ANSWERS TO EXERCISE 3:

 

1.

 

pascal = zeros(12,13);

pascal(1,2) = 1;

for row = 2:12

            for col = 2:13

                        pascal(row, col) = pascal(row-1, col) + pascal(row-1,col-1);

            end

end

pascal(:,1) = []

 

First we create the 12 x 13 matrix of zeros.

The element at (1,1) of Pascal’s Triangle is 1, but we have to keep an extra column of zeros on the left. So, the element to be set is at (1,2).

Since the first row contains only one element, we can start on the second row.

We must also start on the second column, because the first column is just made up of zeros.

We set each element of  Pascal’s Triangle to be the sum of the one above and the one above-left.

Finally, we elimante the extra column of zeros

 

Now pascal will have 12 rows of the Pascal Triangle

 

2.

 

sumcol = sum(pasc)

 

12    66   220   495   792   924   792   495   220    66    12     1

 

The sum of columns of Pascal’s Triangle represents the possible combinations of 12 elements(we have 12 rows in this case) elements. The first is “12 choose 1”, then “12 choose 2”, etc, until the last one: “12 choose 12”

 

These are represented by the formula n! / ((n-k)! k!), where n in this case is 12 and k varies from 1 to 12.

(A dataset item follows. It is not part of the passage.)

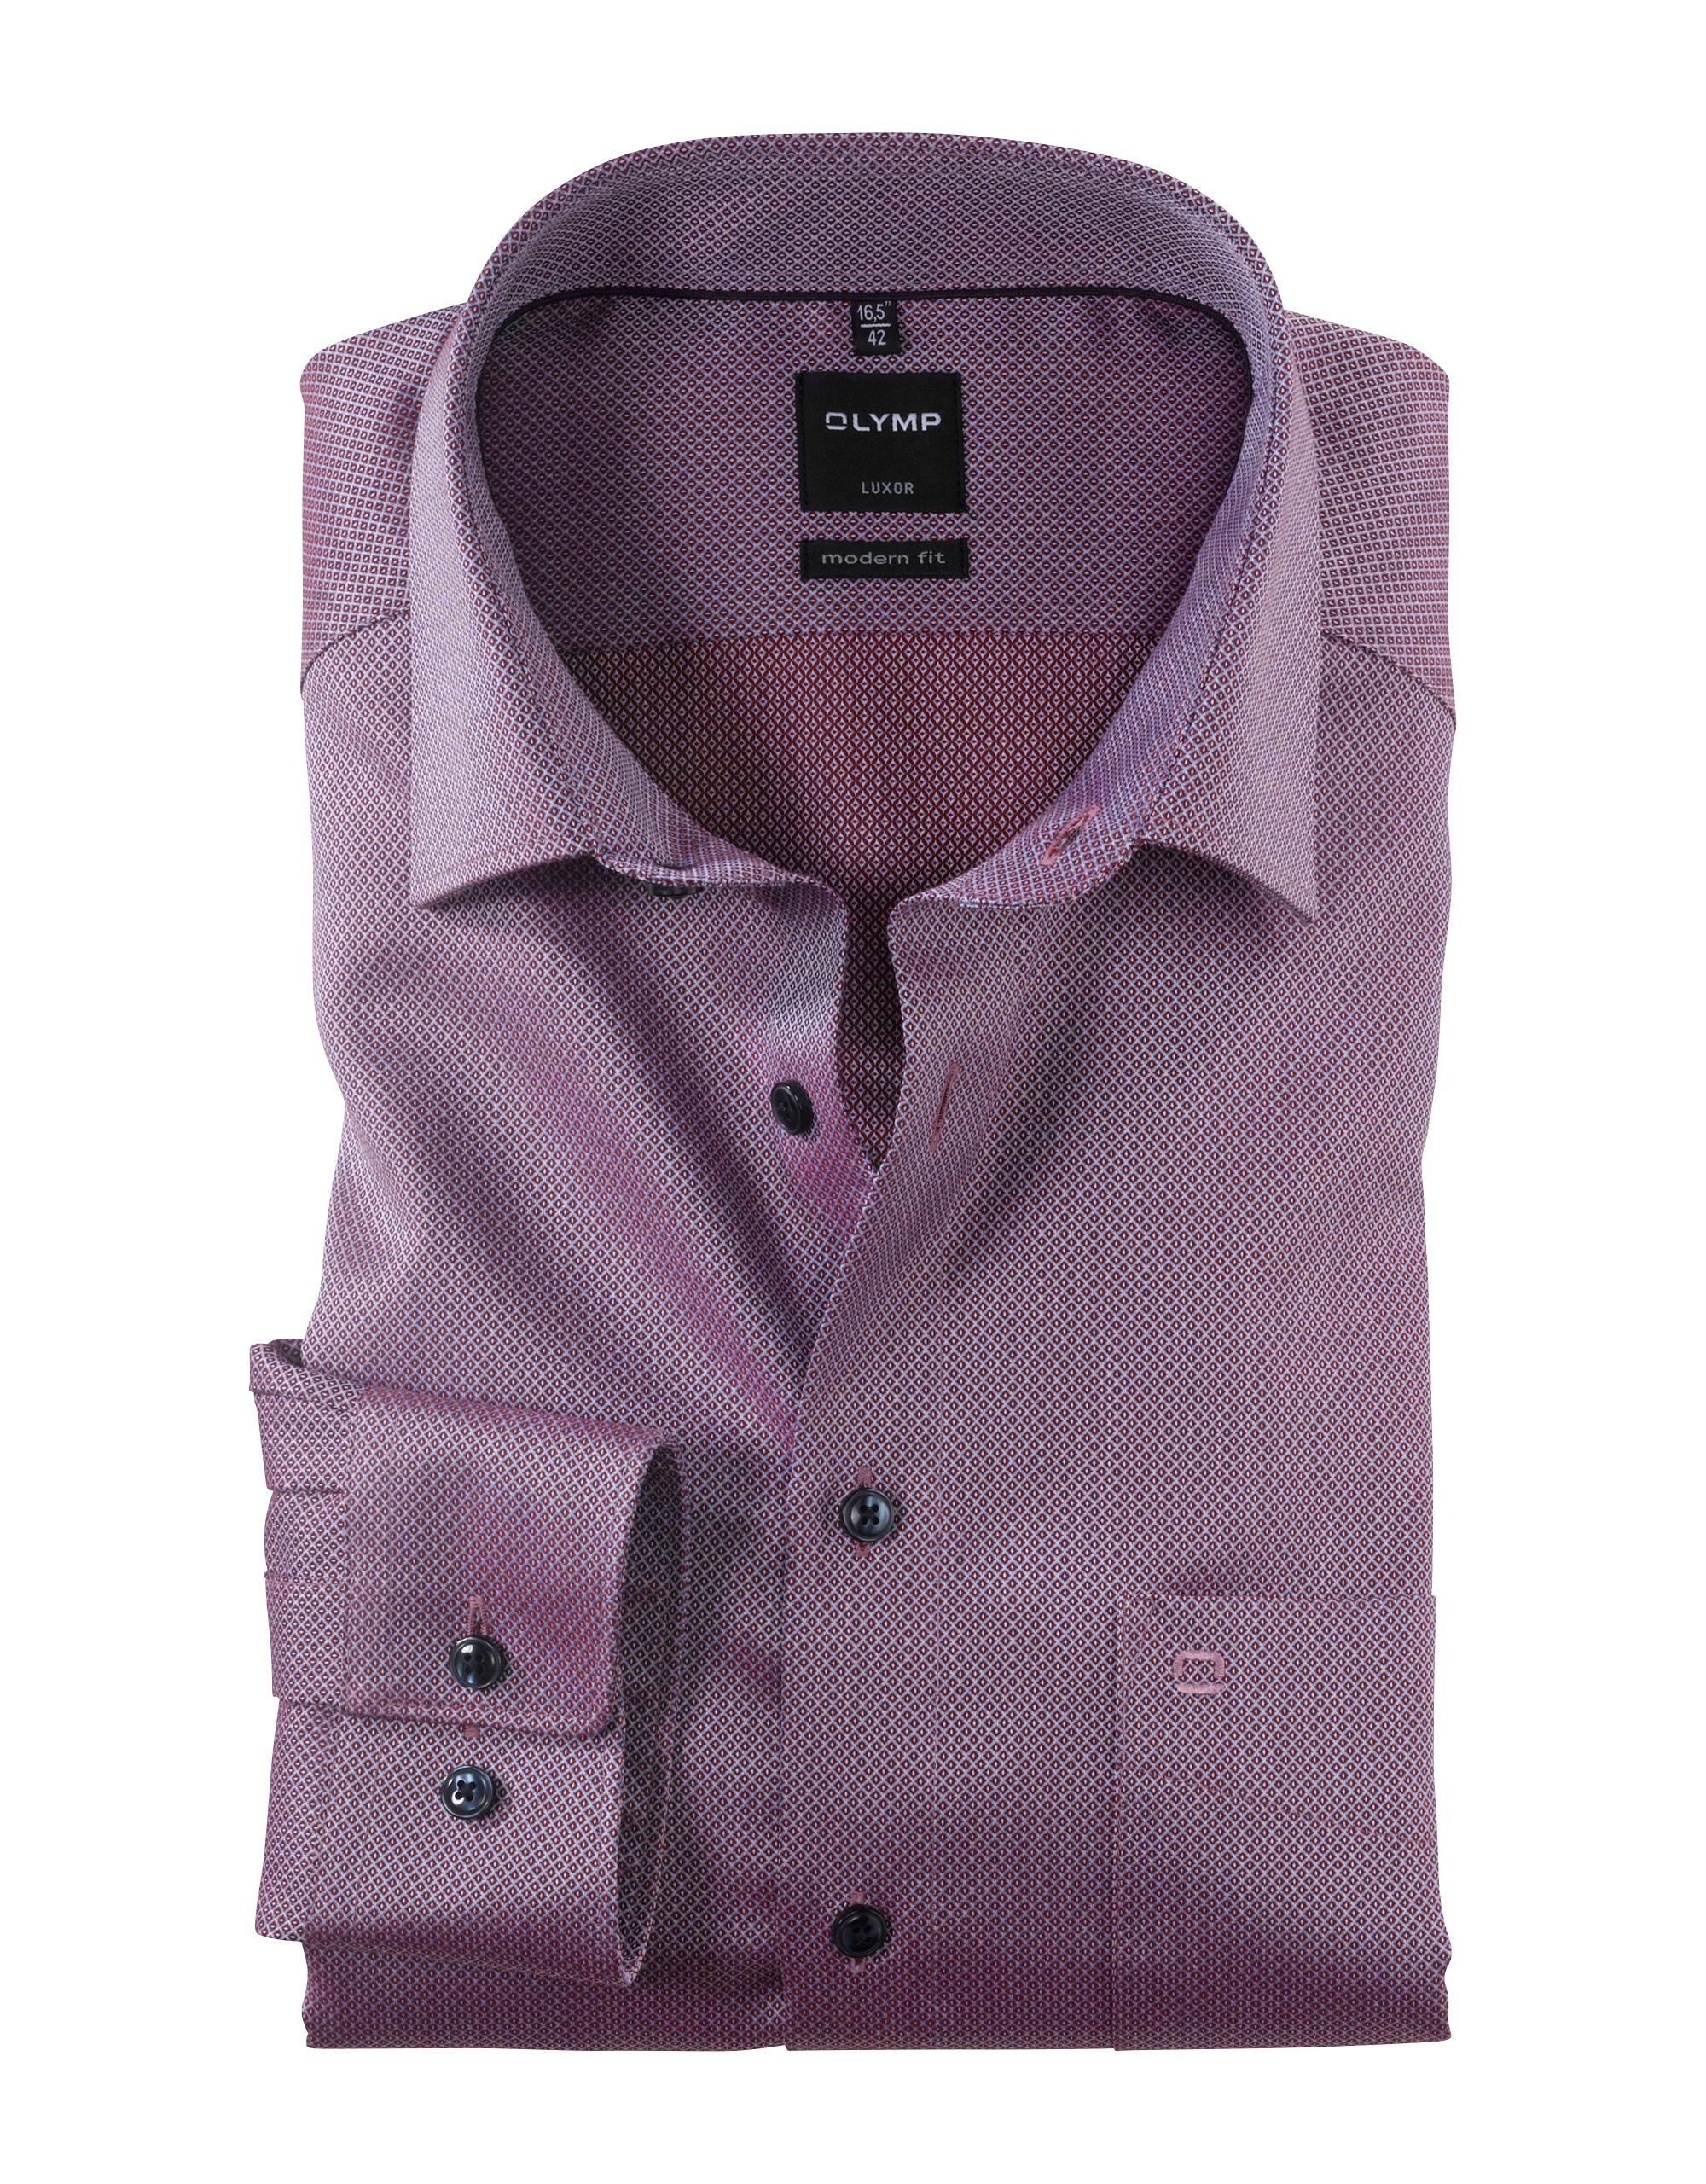 OLYMP Luxor Hemd, modern fit, New Kent, Dunkelrot, 42   Bekleidung > Hemden > Sonstige Hemden   Dunkelrot   Baumwolle   OLYMP

You can check these values using the factorial operator. Ex: factorial (12) / (factorial(10) * factorial(2)) gives you 66, just as expected.

 

sumrow = sum(pasc')

 

1           2           4           8          16          32          64         128         256         512        1024        2048

 

These are simply the powers of 2 from 0 to 11.

 

 

 

 

3.

 

fib = zeros(1,12);

for row = 1:12

            for col = 1:row

                        fib(row) = fib(row) + pascal(row-col+1, col);

            end

end

 

fib

 

This question wasn’t very obvious and few people know that Fibonacci’s numbers are hidden in Pascal’s Triangle.

 

We obtain the numbers by adding anti-diagonals, from the top left corner. Each diagonal adds up to one of the Fibonacci’s numbers.

 

We start from the first row, and for each row, we add each column to the next column on the row above.

That is:

 

fib(1) is pascal(1,1)

 

fib(2) is pascal(2,1) + pascal(1,2)

 

fib(3) is pascal(3,1) + pascal(2,2) + pascal(1,3)

 

fib(3) is pascal(4,1) + pascal(3,2) + pascal(2,3) + pascal(1,4)

 

…

 

Notice the need for row-col + 1 to determine the row of the Pascal element to be added.